Friday, 9 July 2010

RIP Alfred Russel Wallace

I bear a passing resemblance to a vampire. Pale, dark hair, shuns the Sun. So on a very hot July day in my Dorset hometown, (super)naturally, I went to a visit a dead man in a graveyard.

Alfred Russel Wallace died in Broadstone in 1913 and was buried in the local cemetery. His contribution to science is, in my opinion, under-recognised and undervalued. He devised the same theory of evolution as Charles Darwin and the letters sent by Wallace explaining this to him spurred the older man to publish his long-ruminated account, On The Origin of Species, in 1859.

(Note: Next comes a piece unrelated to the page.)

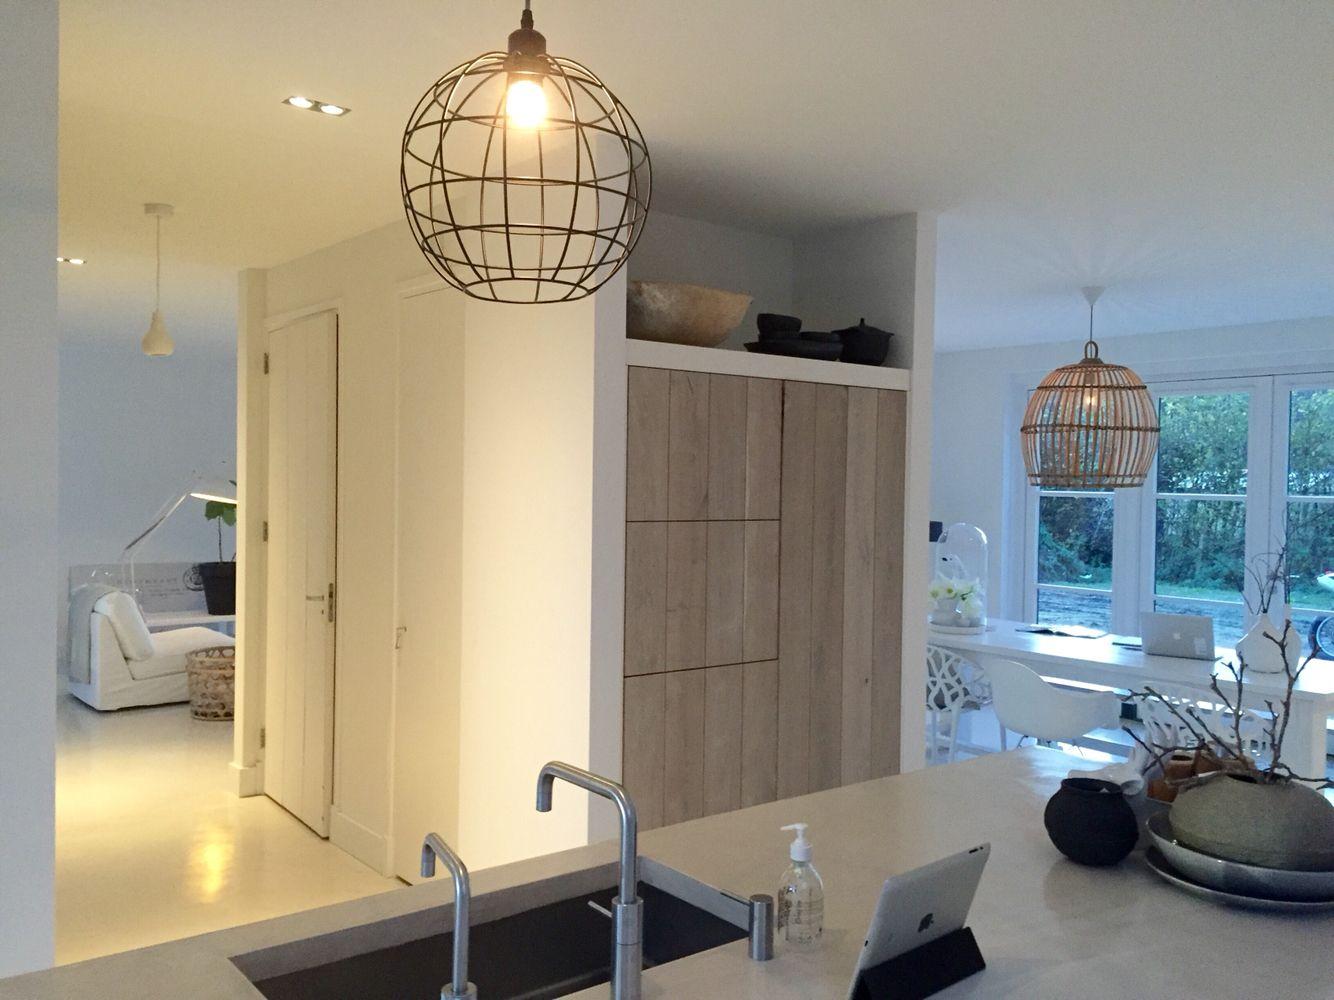 ww interieur styling & advies | Lightning | Pinterest | Küche, Rund ...

Darwin's book followed a presentation on July 1st 1858 of both accounts of the theory of evolution by natural selection to the Linnaen Society, and although a letter accompanying the papers indicated Darwin's priority, Charles Lyell and Joseph Hooker stated, "both men deserve ample recognition."

Where is this recognition today? Darwin's face graces the English £10 note. He is interred in Westminster Abbey. Yet this monument to Wallace at his burial site was erected only in 2000 by the A. R. Wallace Memorial Fund. Well, I've written an essay on the topic, but suffice to say, Wallace's divergent views, his conversion to spiritualism and his anti-vaccinationist stance made him unpopular in his later years.

Broadstone remembers him. My parents nearly bought a house on this road - metres from where Wallace, the "grand old man of science", spent his last days. Rest in peace Alfred, and know that although spirits don't exist, vampires are visiting your grave.

1 comment:

  1. Totally with you on this one. Too many forgotten heros in the history of science.